* _WHAT YOU SHOULD DO_:
From the first line to the last, please reproduce the material exactly, skipping the pictures.

━━━━━ SUPPLIED INFORMATION

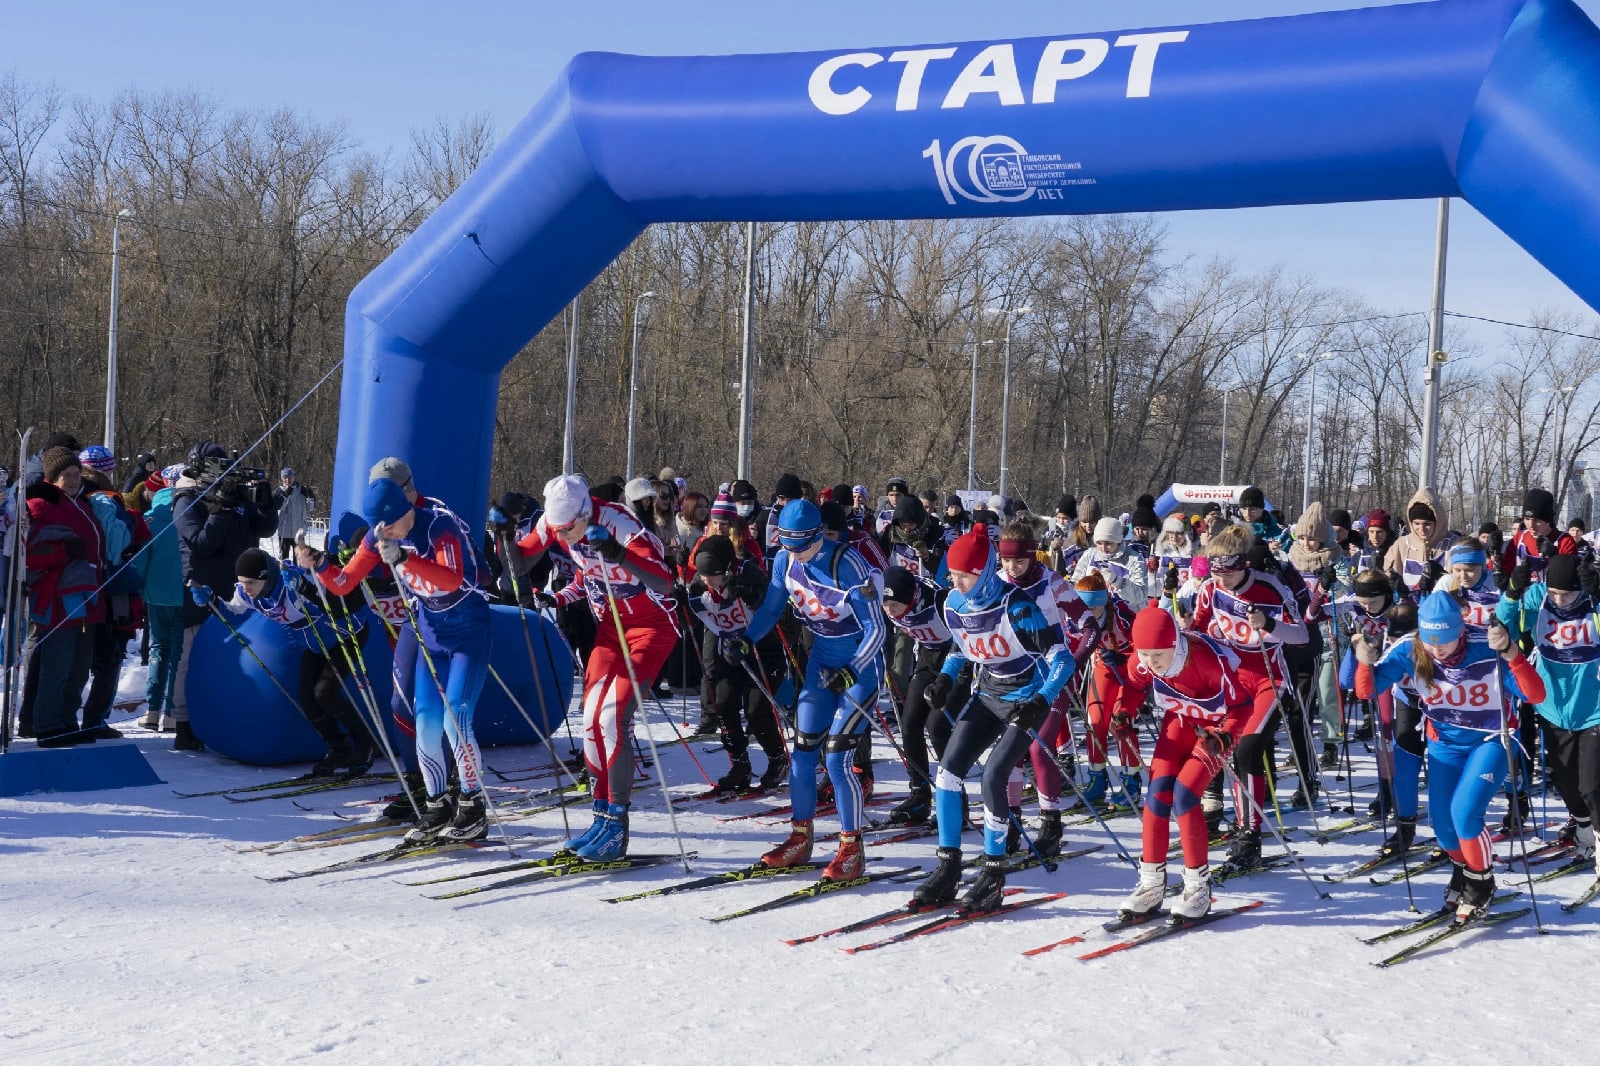 Державинская лыжня в пятый раз объединила спортсменов со всей страны фото анонса
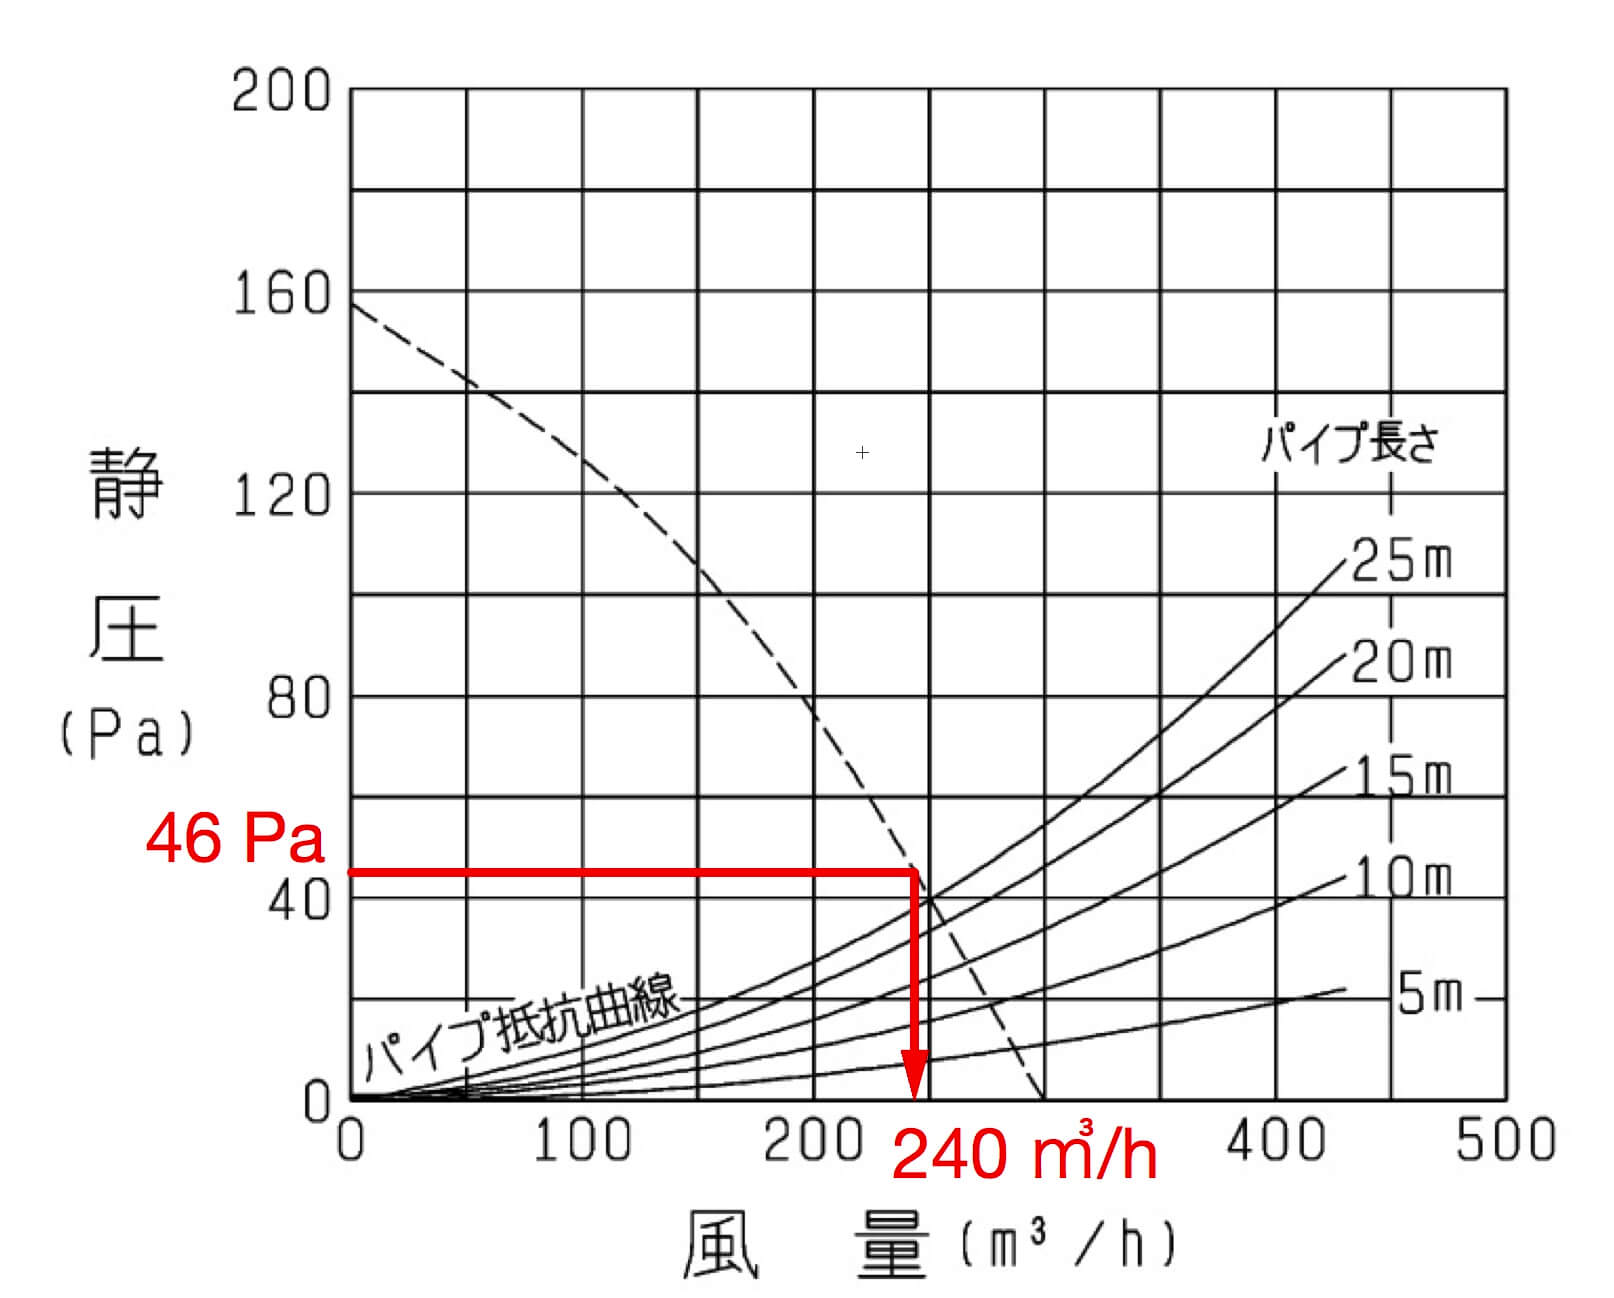 ダクト式換気扇の圧力損失計算 等圧法 の解説と摩擦抵抗線図の見方
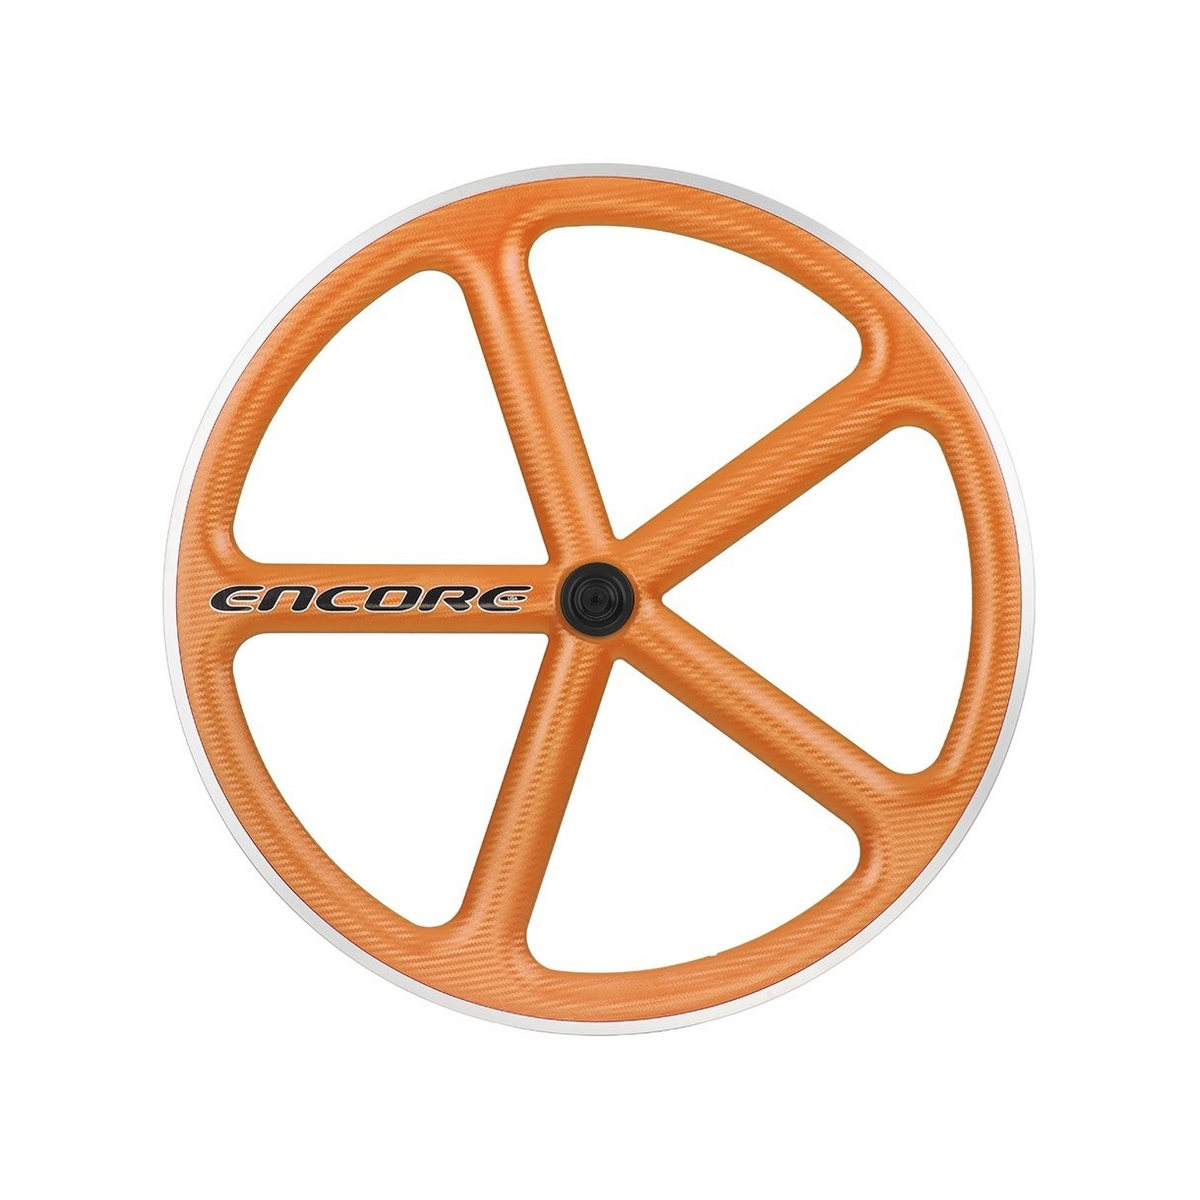 Vorderrad 700c Track 5 Speichen Carbon Geflecht orange msw

━━━━━━━━━━

* _WRITTEN SOLUTION_:
 Державинская лыжня в пятый раз объединила спортсменов со всей страны фото анонса
 ダクト式換気扇の圧力損失計算 等圧法 の解説と摩擦抵抗線図の見方
 Vorderrad 700c Track 5 Speichen Carbon Geflecht orange msw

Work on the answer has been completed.